Month Formatting Syntax
M — Numeric representation of a month, without leading zeros (1 through 12)
MM — Numeric representation of a month, with leading zeros (01 through 12)
MMM — A short textual representation of a month, three letters (Jan through Dec)
MMMM — A full textual representation of a month (January through December)

Year Formatting Syntax
yyyy — A full numeric representation of a year, 4 digits (e.g., 1991, 2014)
yy — A two digit representation of a year (e.g., 14, 19)

Examples
MM/dd/yyyy → 01/24/2021
M/d/yyyy → 1/24/2021
yyyy-MM-dd → 2021-01-24
MMMM d, yyyy → January 24, 2021
ds MMMM yyyy → 24th January 2021
MMM-dd-yy → Jan-24-21

How to extract table rows

Table rows data extraction is the most widely used data extraction type in Algodocs. Algodocs offers very flexible tabular data extraction without limiting the number of rows, columns or number of pages when table spans over hundreds or thousands of pages.
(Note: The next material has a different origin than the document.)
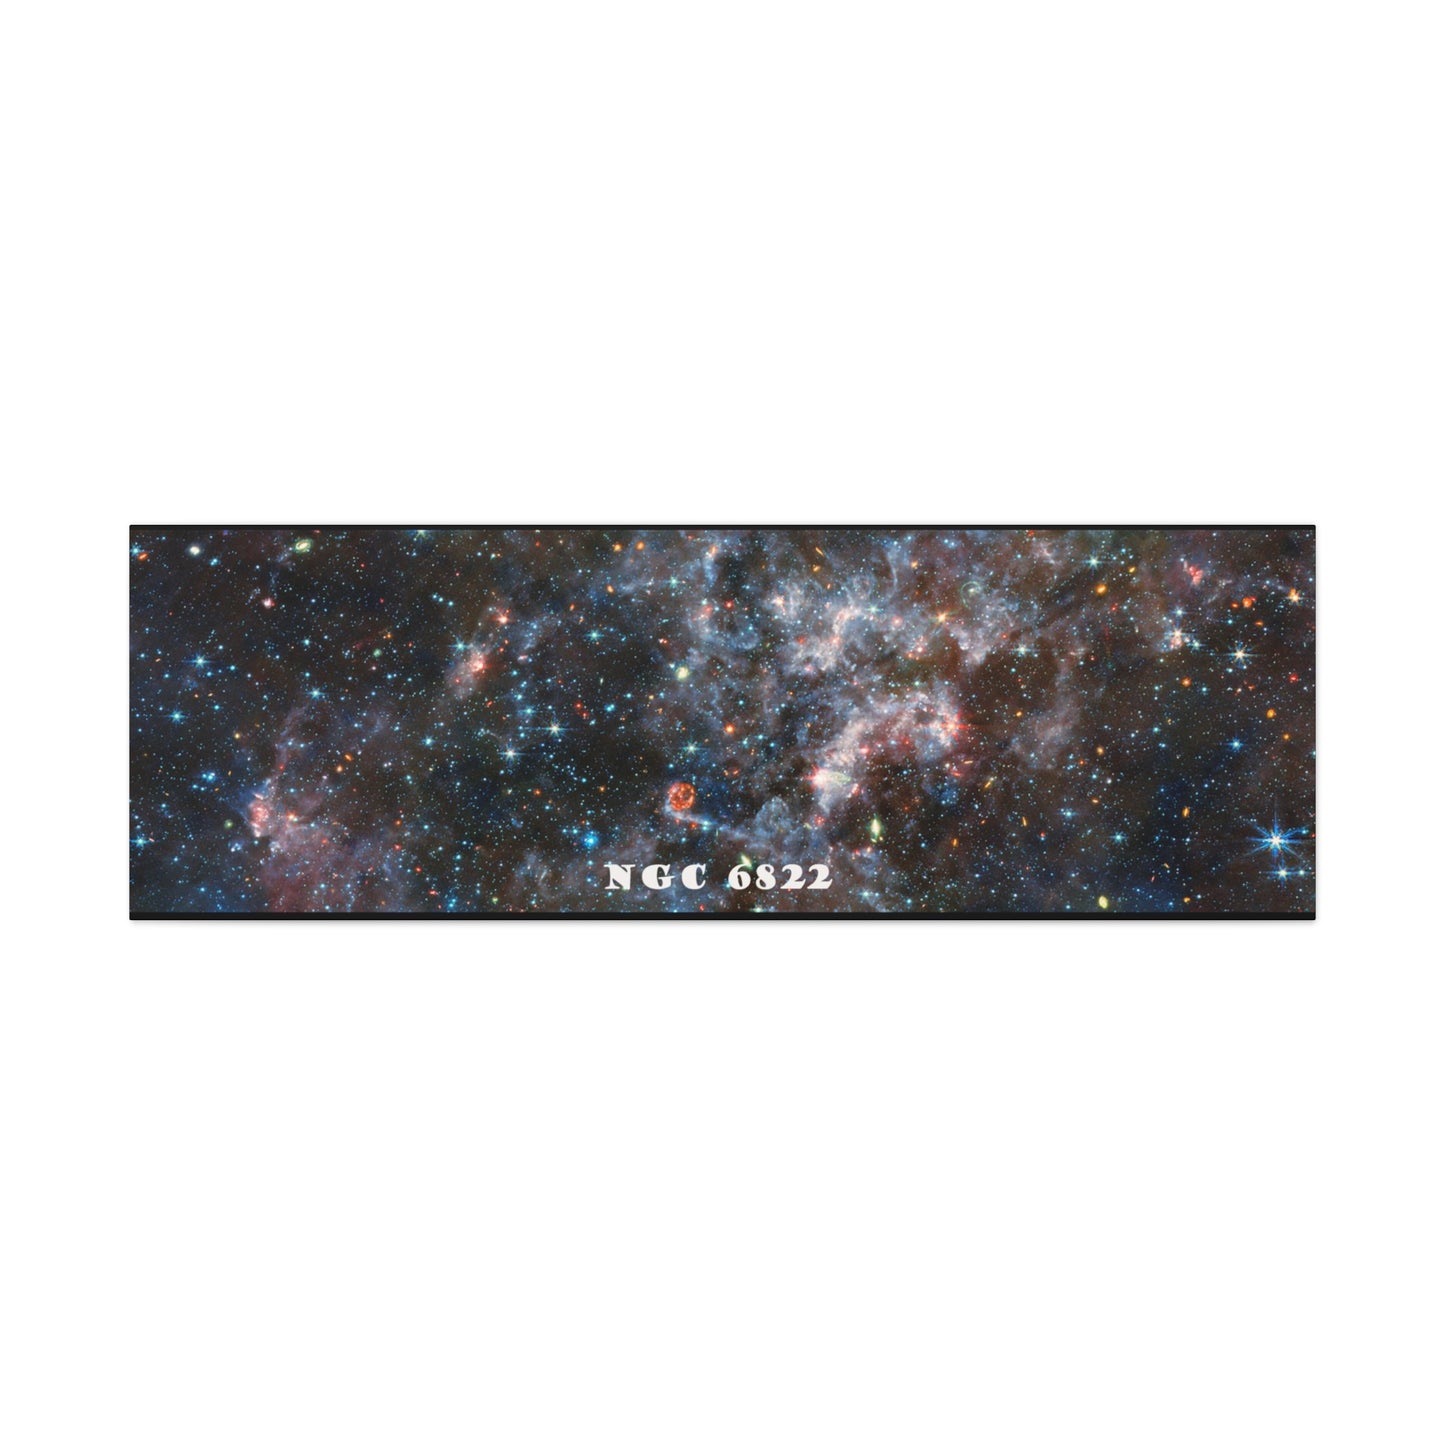 Cosmos Series  21 Canvas Art: Bring the Universe into Your Home

In order to create an extracting rule for table rows select ‘Table’ as the data field type. You will see that several default column splitters will be placed over your document. You may remove or add more splitters based on your table’s number of columns by clicking on the ‘+’ button on the left side of your document.

As an optional step, you can select an area of your table by drawing a rectangle around the table you want to extract rows from. (Image)
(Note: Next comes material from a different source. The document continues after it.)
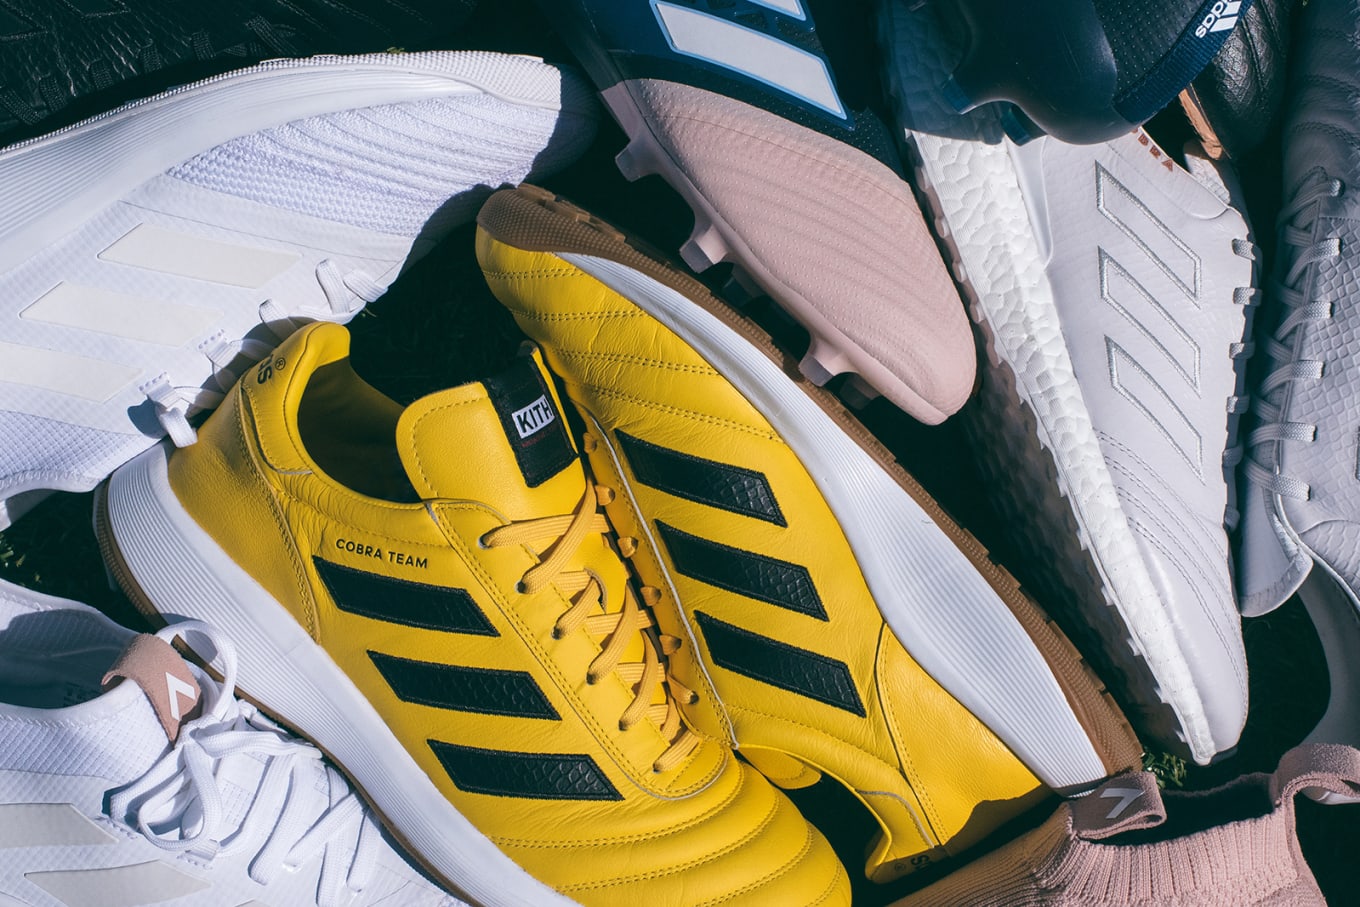 Ronnie Adidas Soccer Shoes | Sole Collector

Please note that selecting an area for the table is fine only in cases when your table is at the fixed position and will never get longer by spanning over multiple pages. So, if there is possibility that your table may span over multiple pages or even if your table never spans over multiple pages, but can move up or down within the same page, then just don’t select an area for it.

After clicking on ‘Extract’ button the extracted data is displayed. In order to remove column headers that were also extracted, we apply ‘Keep Rows’ filter with a condition ‘Where column 2 has digits only’. (Image)

As a final step we can set the column headers of our extracted table by clicking ‘Add Filter’ › ‘Alter Columns’ › ‘Set Column Headers’. (Image)

Extract table rows without selecting an area

We have discussed table rows extraction in detail in the previous article. In this article we talk about extracting table rows using a more advanced approach, i.e. without selecting an area of the table by drawing a rectangle around it.

This time Algodocs will extract all data from the document and place it into the columns table. In order to get only the line items we need to specify the beginning and the end of our table. For this, we apply ‘Add Filter’ › ‘Alter Rows’ › ‘Keep Section’ and in ‘Keep Section’ select ‘With Condition’ to specify the start and end of the table section.

When we look at our data we see that our actual line items begin after the word ‘DESCRIPTION’ in column 1 and end just before the word ‘Subtotal’ in column 3. (Images)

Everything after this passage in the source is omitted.